Wheeling moved. His progress across the room was pitiful. Once the hard-bodied university athlete and “bright young man” in the service — before he married Catherine — he stumbled toward us, upsetting a chair and jarring a table. No greetings were exchanged when he fell into a chair in our group.

Holden carefully fitted a cigarette between his lips and offered the case to Catherine. She accepted, lighting with matches from a pocket in the white suit, ignoring Jim Wheeling’s fumbling offer of flame from his lighter. The drinks were brought and we lifted our glasses. No one looked openly at Wheeling, and he saw no one but Catherine.
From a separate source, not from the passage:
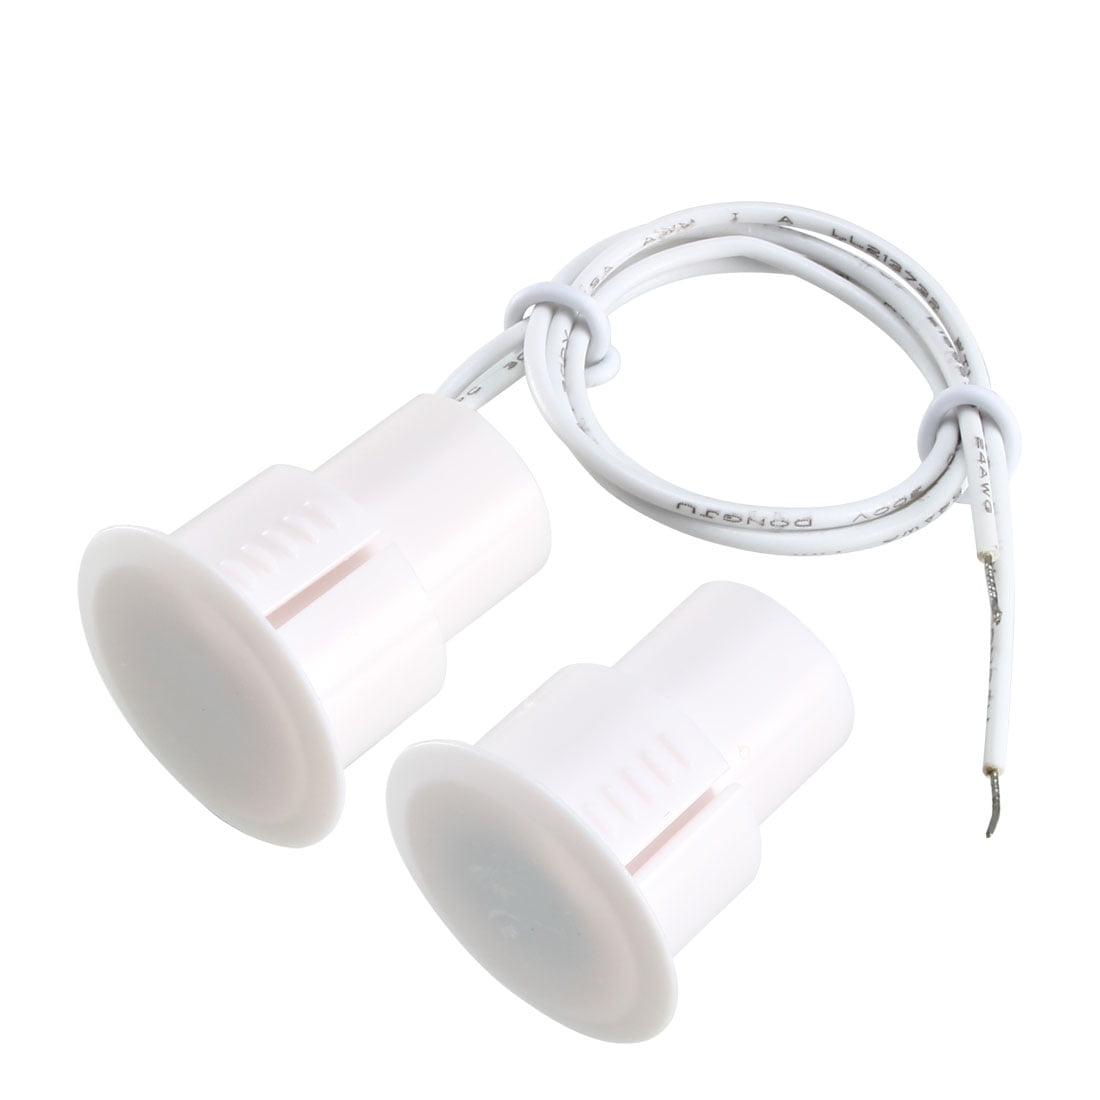 Rc-36 Normally Open Embedded Wired Sensor Alarm Anti Theft Window Door Contact Switch White 2 Pairs 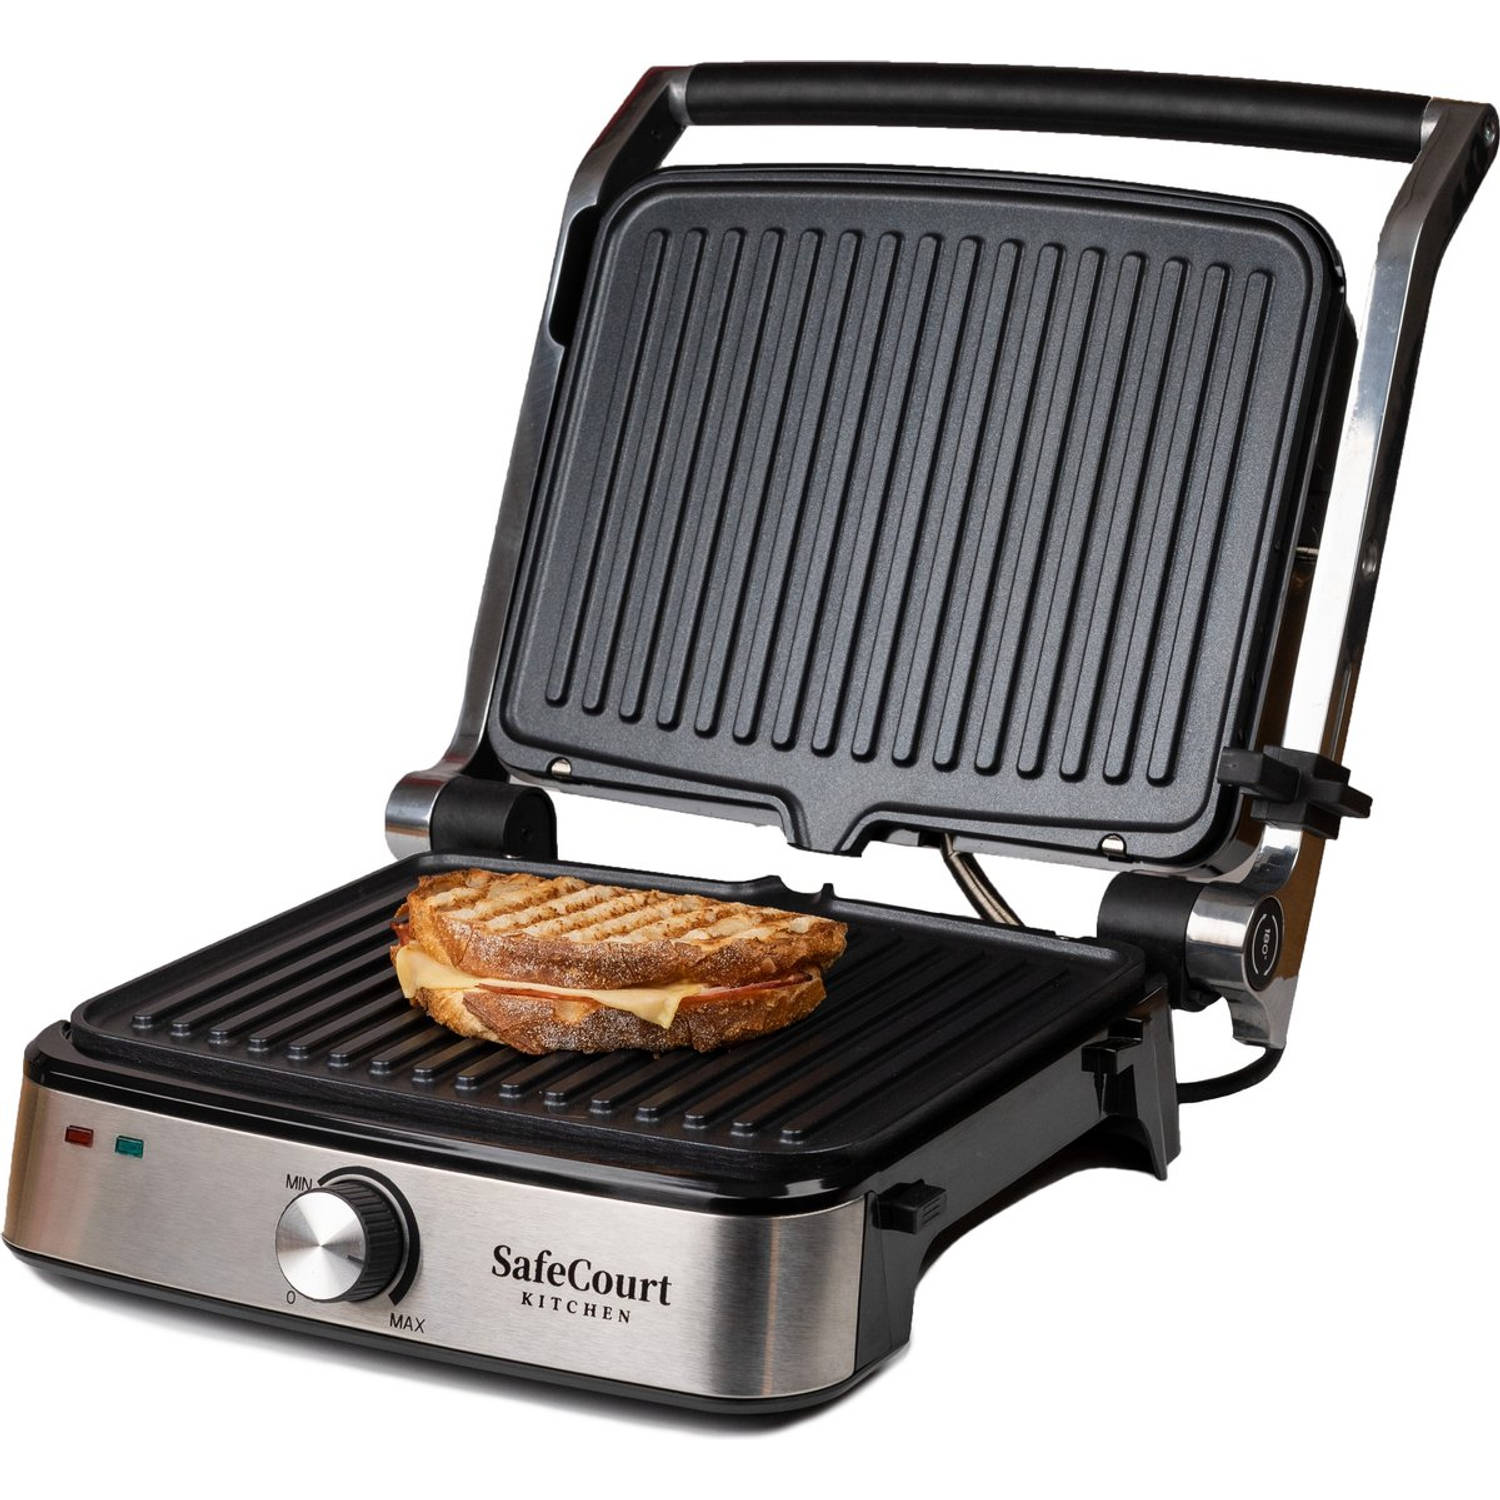 Safecourt Kitchen Contactgrill Compact Cg200 Tosti Apparaat Grill Apparaat Uitneembare Platen

“Let’s not say chin-chin or cheers, or anything like that,” smiled Catherine, watching me. “Guru wouldn’t mean it. Let’s just drink.”

“Sorry about this afternoon,” Holden said to me. “I don’t imagine you really needed me. Did you?”

“You’re too modest,” Catherine said, with that same smile. I did not like that smile at all. Not on anyone, and particularly not on Catherine. It was just a careful application of well-trained muscles around the mouth, “You know Guru worries about you. Robert.”

“Robert’s quite a big boy now,” I said. “When he’s more himself, he makes his own reports.”

“You think that’s biting and cryptic, Guru?”

“Not particularly.”

“Yes, you do. Hut it isn’t. Not really. If it weren’t for me, your Miss Harriwell would suffer agonies. She’d have no one to talk about — except perhaps those marvelous natives, those cock-fighters.”